Monday, May 02, 2011

Ellouise to "Bring Gus Home"

That's how our indefatigable Ellouise Diggle Schoettler describes her upcoming performance in Anderson, SC on Thursday.
 Here's how it was headlined in the  Anderson Independent Mail:

National storyteller to bring her grandfather and genealogy to life at Anderson library  

   Ellouise Schoettler was a child when the image of her grandfather, Gus Keasler, found its way into her memory through a single photo.

Gus Keasler
It’s a black-and-white photo of him wearing some of his football clothing, from the days when he was a player for Clemson University and then later for North Carolina State University.

For years, that picture sat in her grandmother’s Charlotte, N.C., home, on a table in the living room, near the front door. Now, the picture sits in the same room in Schoettler’s Maryland home.


“That picture was the first thing you saw,” Schoettler said. “For years, I knew him simply as my ‘Mama’s daddy.’”

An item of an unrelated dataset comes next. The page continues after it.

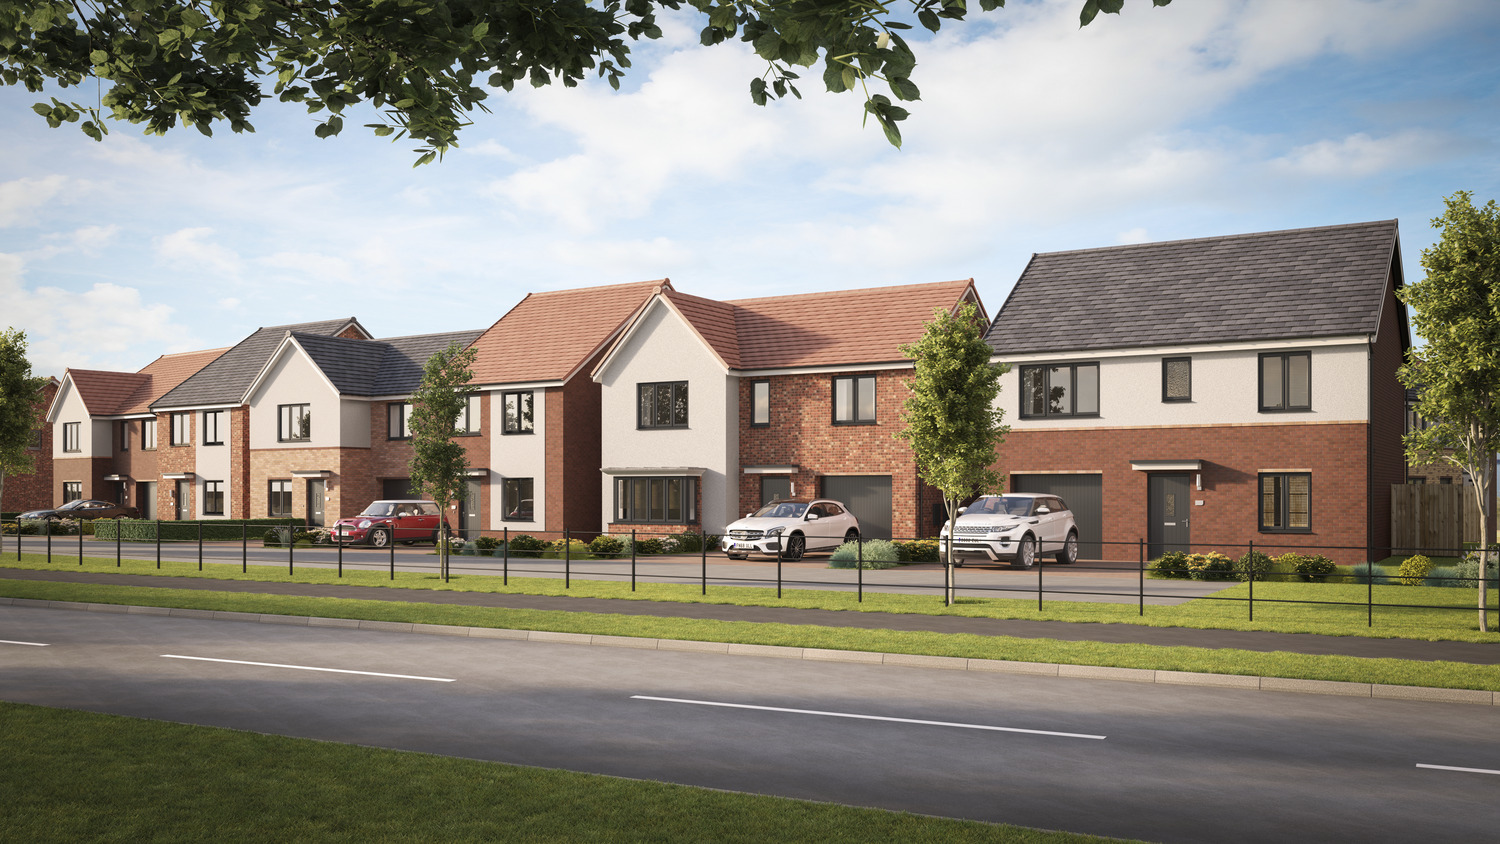 Avant homes £51m plan for 230 new homes in Netherburn

She didn’t know much about him for years because Gus Keasler — a center for Clemson College’s Tigers in 1904 and 1905 — died when he was 32 after a sudden illness. He died of kidney poisoning. So she didn’t know that he grew up as his family’s hero because he was a football player and a college student.

What she did know was that her grandmother grieved her whole life for this man, and would visit his grave at Elmwood Cemetery in Charlotte, N.C., once a week for years.

 “I only knew Gus as a dead man, as a man who stopped dead in his tracks,” Schoettler said.

It was partly the lure of that photo that pulled her into genealogy and then eventually into storytelling.

For 20 years, she has been traveling the nation, performing as a storyteller.

She will bring her stories and her knowledge of genealogy research Thursday to the Anderson County Library. She will present a genealogists’ workshop at 2 p.m. Thursday. Then at 7 p.m., she will perform stories in a presentation titled “Flesh on Old Bones.”

In that evening presentation, Schoettler will bring her grandfather, Gus Keasler, back to life. She will share stories of how Keasler grew up on a farm, the fourth of nine children and of how he went onto to become a player for the Clemson Tigers — even playing a year under the famed John Heisman.

“I wanted to come to Anderson to tell Gus’ story,” Schoettler said. “One day, I got this bee in my bonnet, and I decided I was going to bring Gus home.”

She wants to tell about how she began threading together Gus Keasler’s life in the late 1980s after she found his half-sister, Annie Laura Keasler Moore, who still lived in Sandy Springs.

“Annie was born the year Gus entered Clemson, and she had clear memories of her ‘big brother Gus,’” Schoettler states on her website.

That meeting with Moore was the first time that Schoettler heard stories about her grandfather, from a time when he was a young, healthy boy, she said.

“She remembered him playing football at Clemson,” Schoettler said. “I will never forget that first call I made to her. When I called her and told her who I was, she started crying on the phone. She said, ‘You are Gus’ granddaughter.’ It was wonderful. She wrote me a four, five page letter about her memories.”

Later, she would meet more of the Keasler family, many whom still live in Sandy Springs and the Clemson area. She has talked to her third cousin, Sam Blackman, who works in sports information at Clemson University.

Blackman has also been fascinated with stories of Gus Keasler, his great uncle. “When I came to work here, one of the first things I did was I looked to see if they had a picture of him,” Blackman said.

He looked for his great-uncle Gus because he was a man of legend in his family.

Blackman said he’s found records of where his great-uncle played as a freshman member of the Clemson team in 1903, the last year that John Heisman was their coach. Keasler then played on Clemson’s varsity team from 1904 to 1905, before he moved on to North Carolina State, where he was offered a larger scholarship.

“My family — my father and my uncle — they looked up to him like a hero because he played football and had gone to college,” Blackman said.

On Thursday, before Schoettler comes to the Anderson County Library, she and Blackman will meet in person for the first time. They will begin the process of completing their family trees, Blackman said.

Schoettler said she hopes that “Grandpa Gus’” story will help inspire others to find out the stories in their own family histories.

“I started all of this so I could pass on these stories to my children,” she said. “All family stories of some kind. And I think these stories are so important. People need to know who they are and who they came from.

“The names and dates in a family history are just steel scaffolding. Then you have to recreate the life. You have to refresh them in the time and place in which they lived.”